Friday, 14 April 2017

the earth hall

 The earth hall

 Inside a barrow, there is a cavern, or a great hall, 
in which sleeps a knight until he is needed to protect his people, 
or else a dragon, curled up and waiting to arise and terrorise
 the community, or the spirits of the dead, which return
 like vampires to inflict revenge on the living.
Obviously if it is a tomb, then it would stand to reason that 
something incredibly precious is hidden there.

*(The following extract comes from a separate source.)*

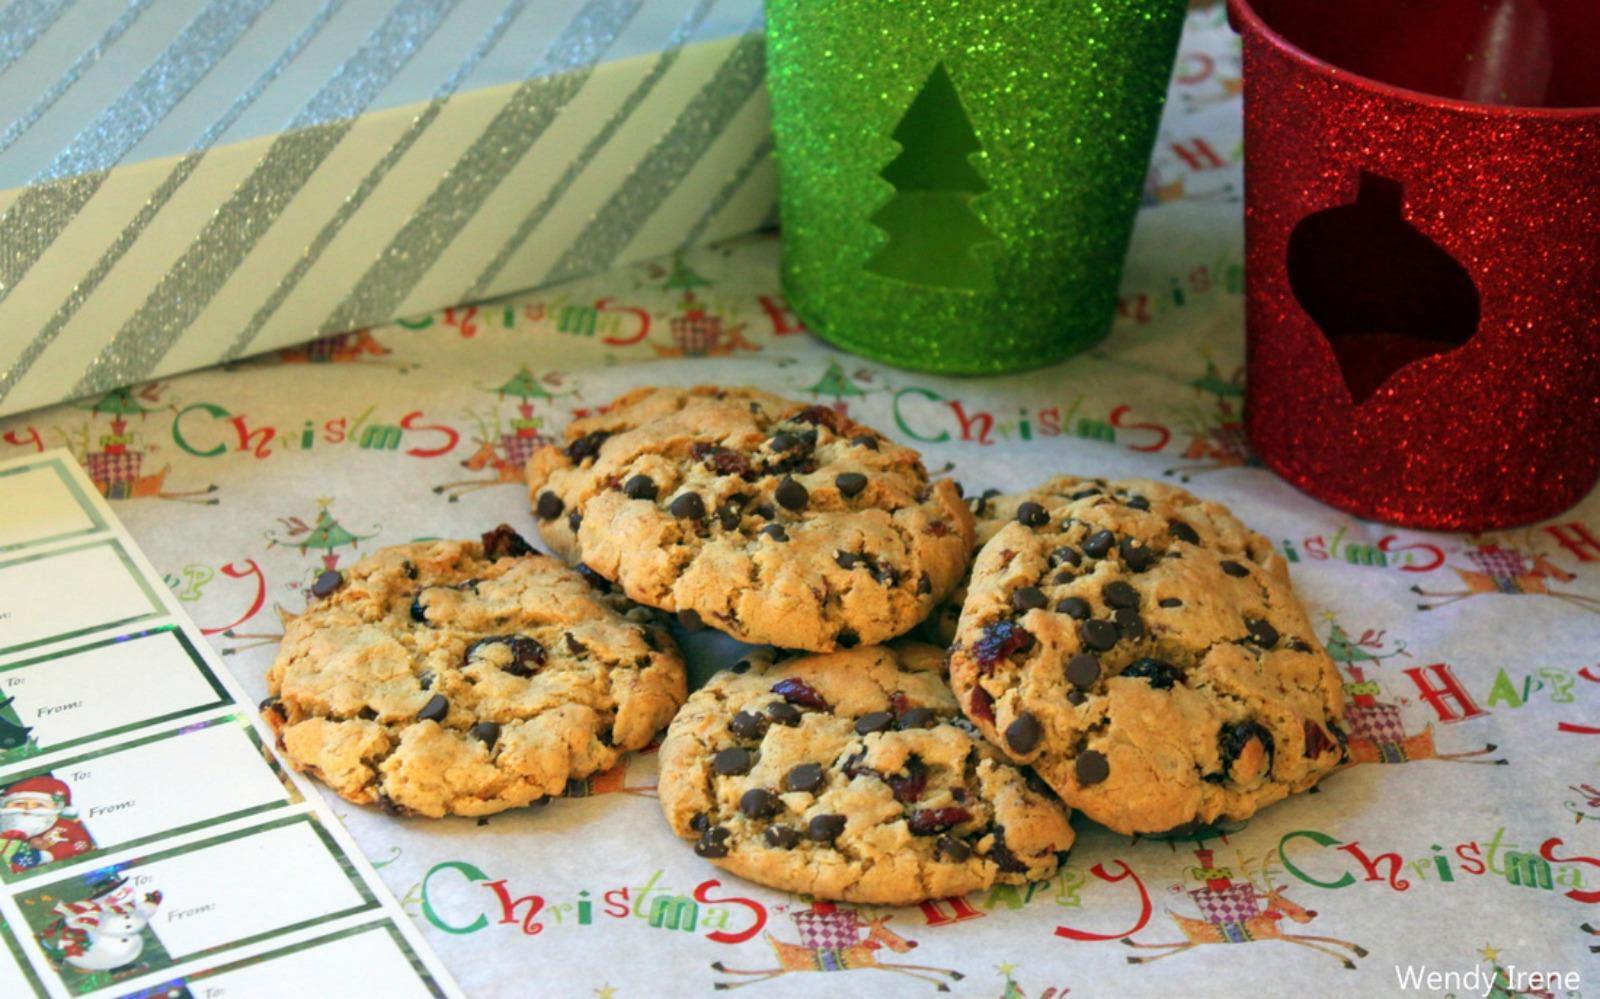 Gluten-Free Oatmeal Cranberry Chocolate Chip Cookies [Vegan]

The tale of Grendel and Beowulf's battle with the spirit, and its mother,
 of course is in line with these stories. 
Exactly what kind of spirit the Grendels were is hard to define,
 and they are often interpreted as being dragons, 
but they seem bloodthirsty.

Iron Age hill forts are often shaped with dragon-like rings 
or embankments surrounding them, which may have something 
to do with why serpentine  monstrous worms are supposed to live there.
Such serpents are alleged to have driven away treasure seekers,
for instance, at Cissbury Ring.

There is alleged to be a tunnel leading from Offington Hall (demolished in 1960s)
to Cissbury,  and in the nineteenth century, 
 a blocked tunnel entrance was found behind pannelling in its library,
and explorers trying to open the tunnel,(about 2 miles)
were chased away by ghostly serpents.
As serpents are  tunnel dweller, of course, 
The manorial hall joining to the earthly hall, 
The corporeal power to the spiritual in the community.


 

barrows

Barrows

Of course, barrows are mysterious places.
Eerie by their very nature, as the tors and hillforts are.
 There is one other thing which adds to the mix.
Burial. Naturally the interred dead in such places are 
buried with ancient artefacts, and hence treasure.
Wherever you have treasure, you have treasure hunters,
whether there is any treasure there or not.
 Try to convince a treasure hunter that it isn't there!
 The fact is that hidden treasure and the occult
 or hidden lore are inextricably linked.

 There will always be an association between treasure and magic.
 Between the supposed wealth of the dead and the supernatural.
 Both are discussing the possibility of hidden secrets.
 Naturally you will bury your wealthy dead, and their "source of power"
 with a defender... something to protect it from tomb raiders...
A curse, or a being, which represents the curse made manifest.
 Where there is the possibility of treasure 
there must be treasure, and secrets to be discovered,
 and tasks to be performed to reach that treasure.
This series of interconnected motifs run all of the way back
to myth, such as the tale of the minotaur, 
like Orpheus travelling to Hades  to recover his lost love. 
 To the mysteries of Ephesus.  Rituals have been performed
for centuries in magical initiations, depicting mystic journeys.
The shaman took narcotics to travel to the land of the spirits, 
 and gain his precognition of events and occult knowledge.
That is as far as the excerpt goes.